● **Exercise requirements**
Using the listing below, reproduce exactly the lines from the one with "5d4a255e3d9 Lyst - Nine" through the last, with all pictures left out.

----- Collected data -----

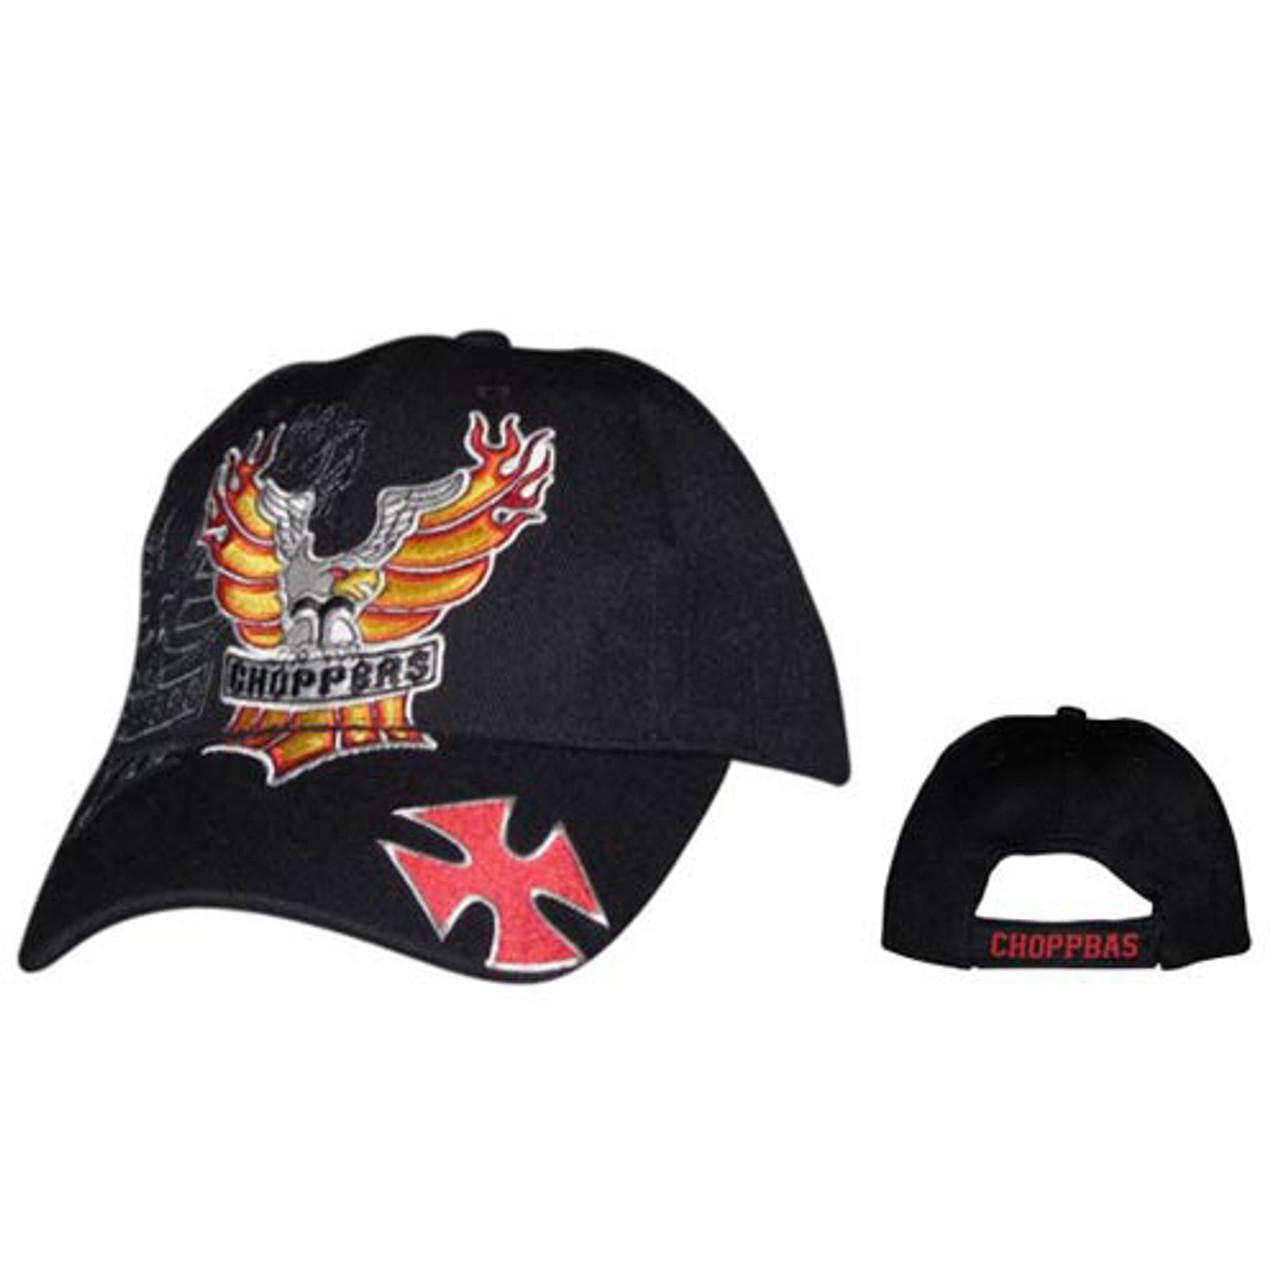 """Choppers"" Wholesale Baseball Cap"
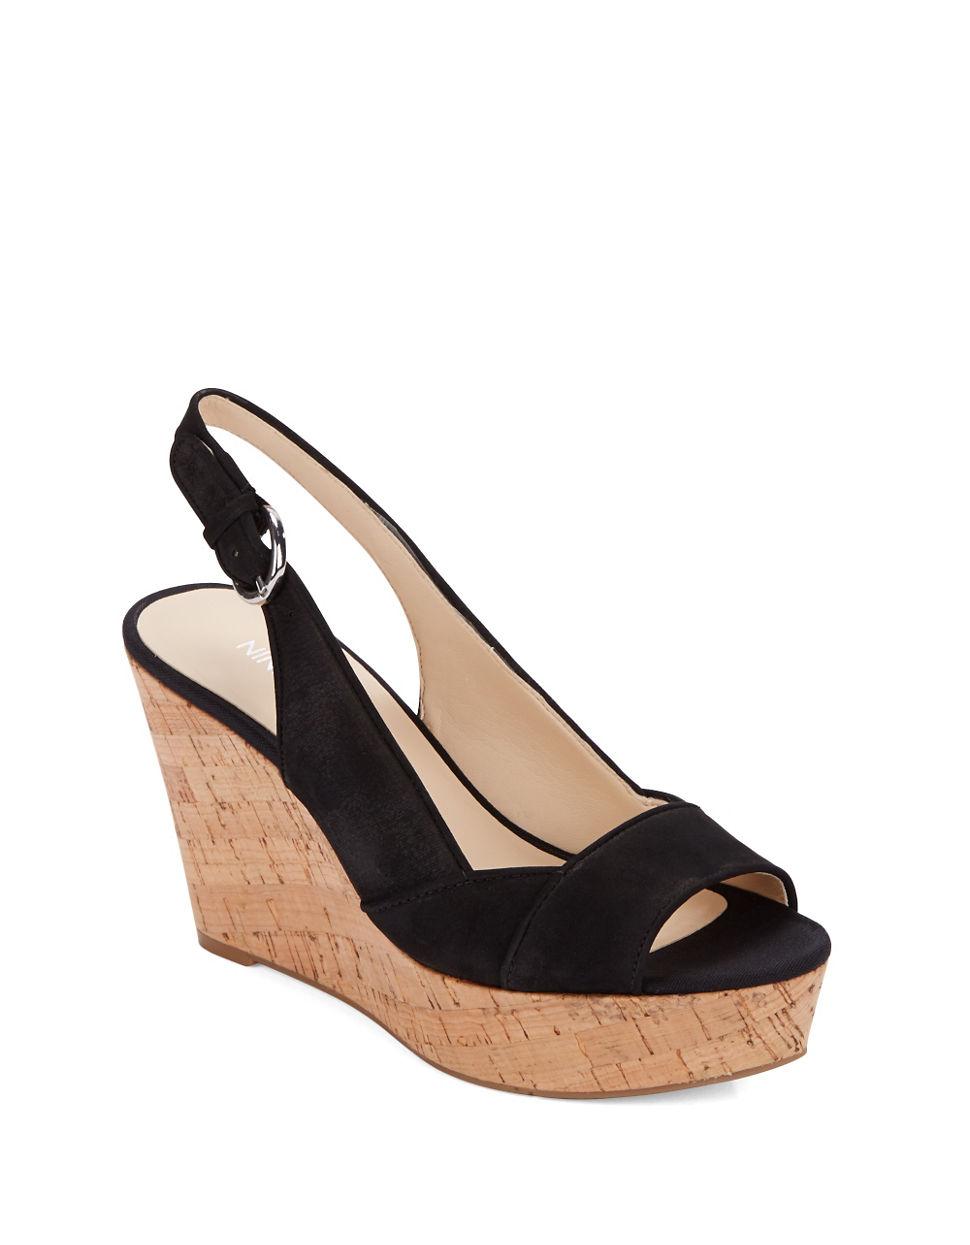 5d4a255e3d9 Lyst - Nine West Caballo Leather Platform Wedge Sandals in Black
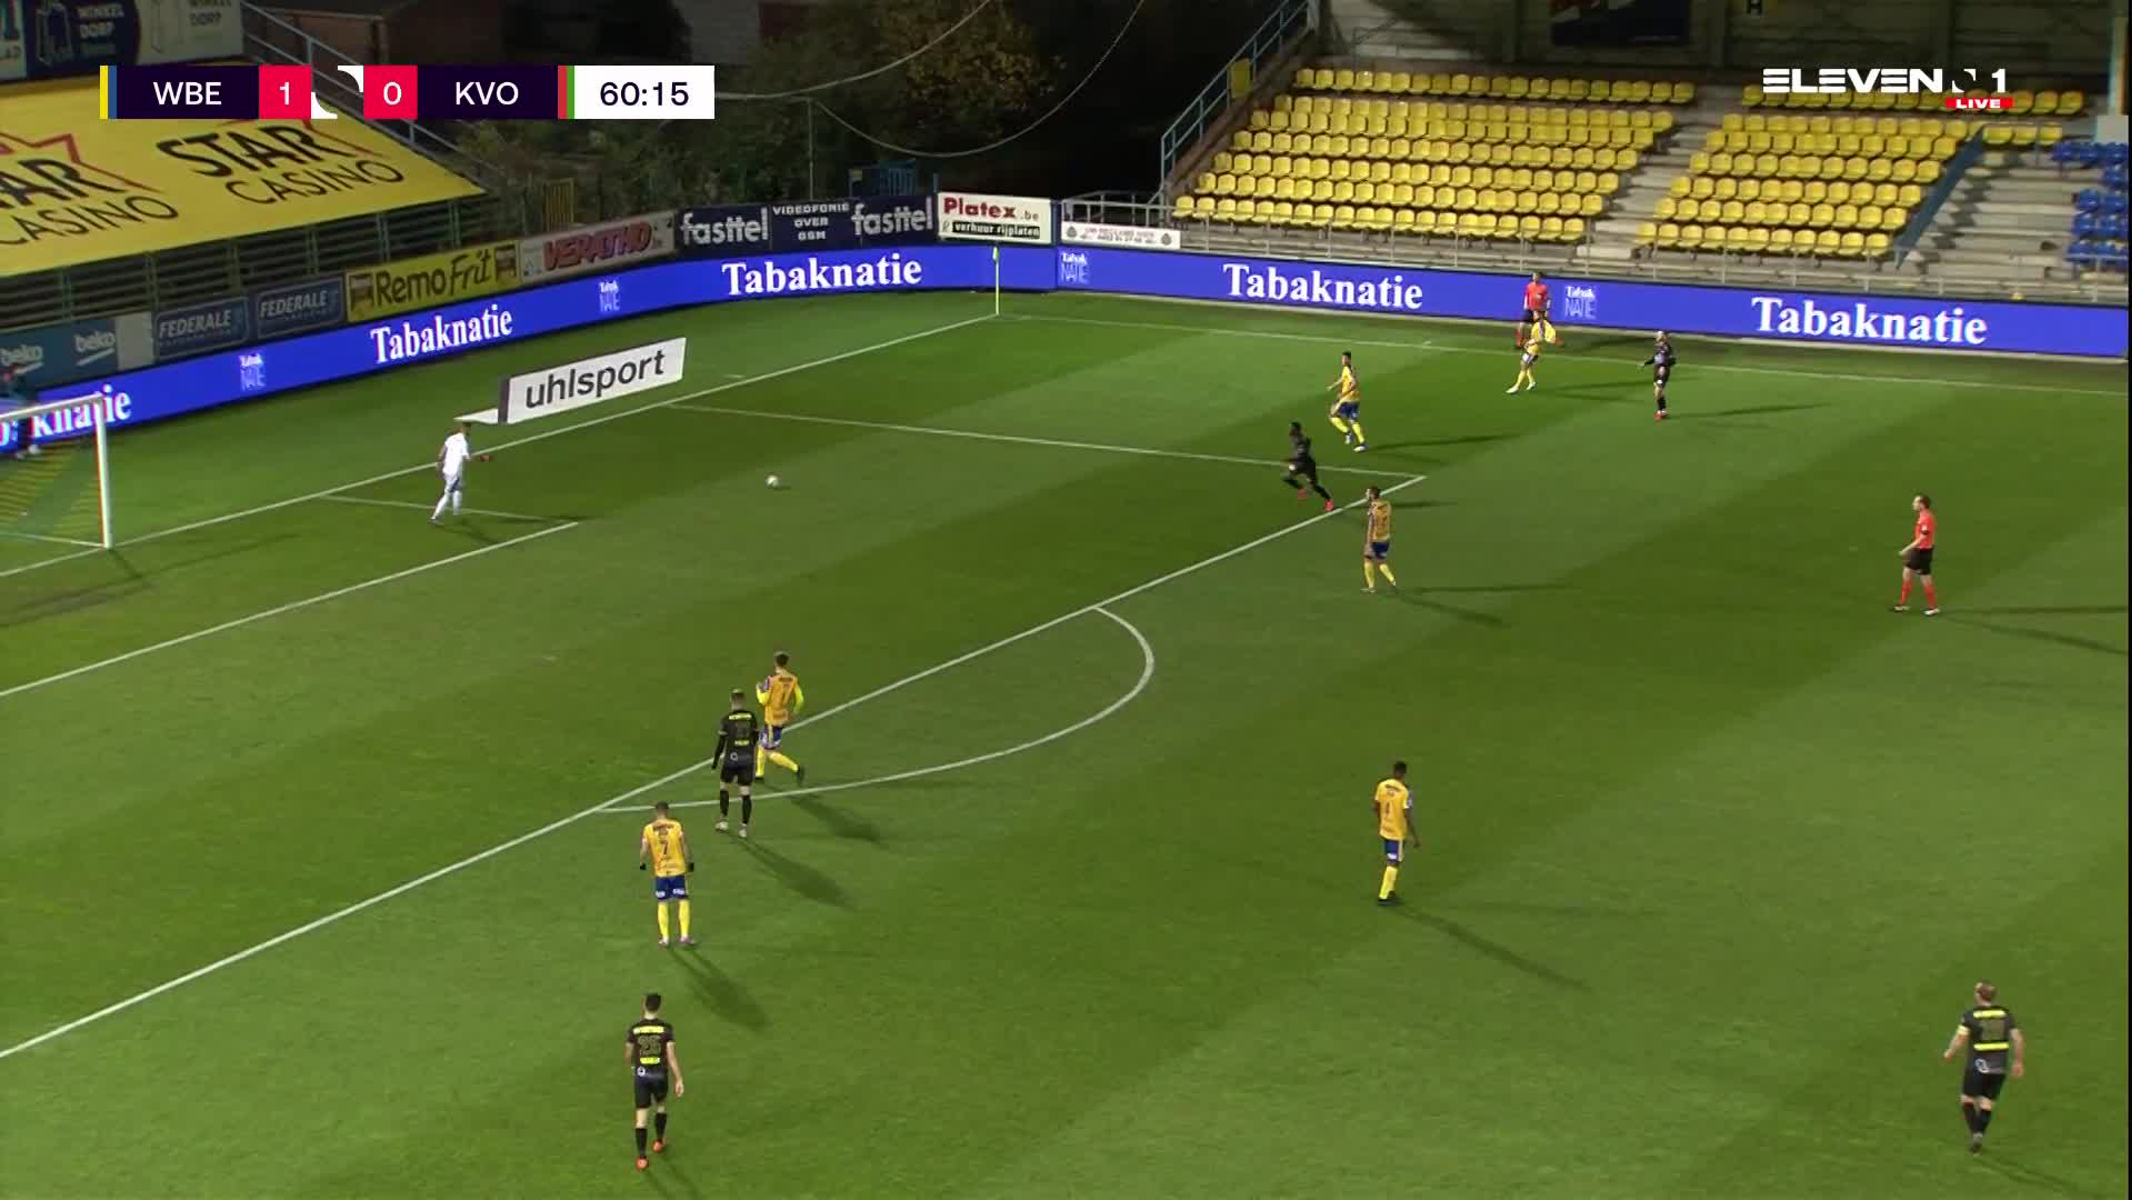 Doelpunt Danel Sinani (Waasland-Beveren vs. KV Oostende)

-----

● **Your response**
 5d4a255e3d9 Lyst - Nine West Caballo Leather Platform Wedge Sandals in Black
 Doelpunt Danel Sinani (Waasland-Beveren vs. KV Oostende)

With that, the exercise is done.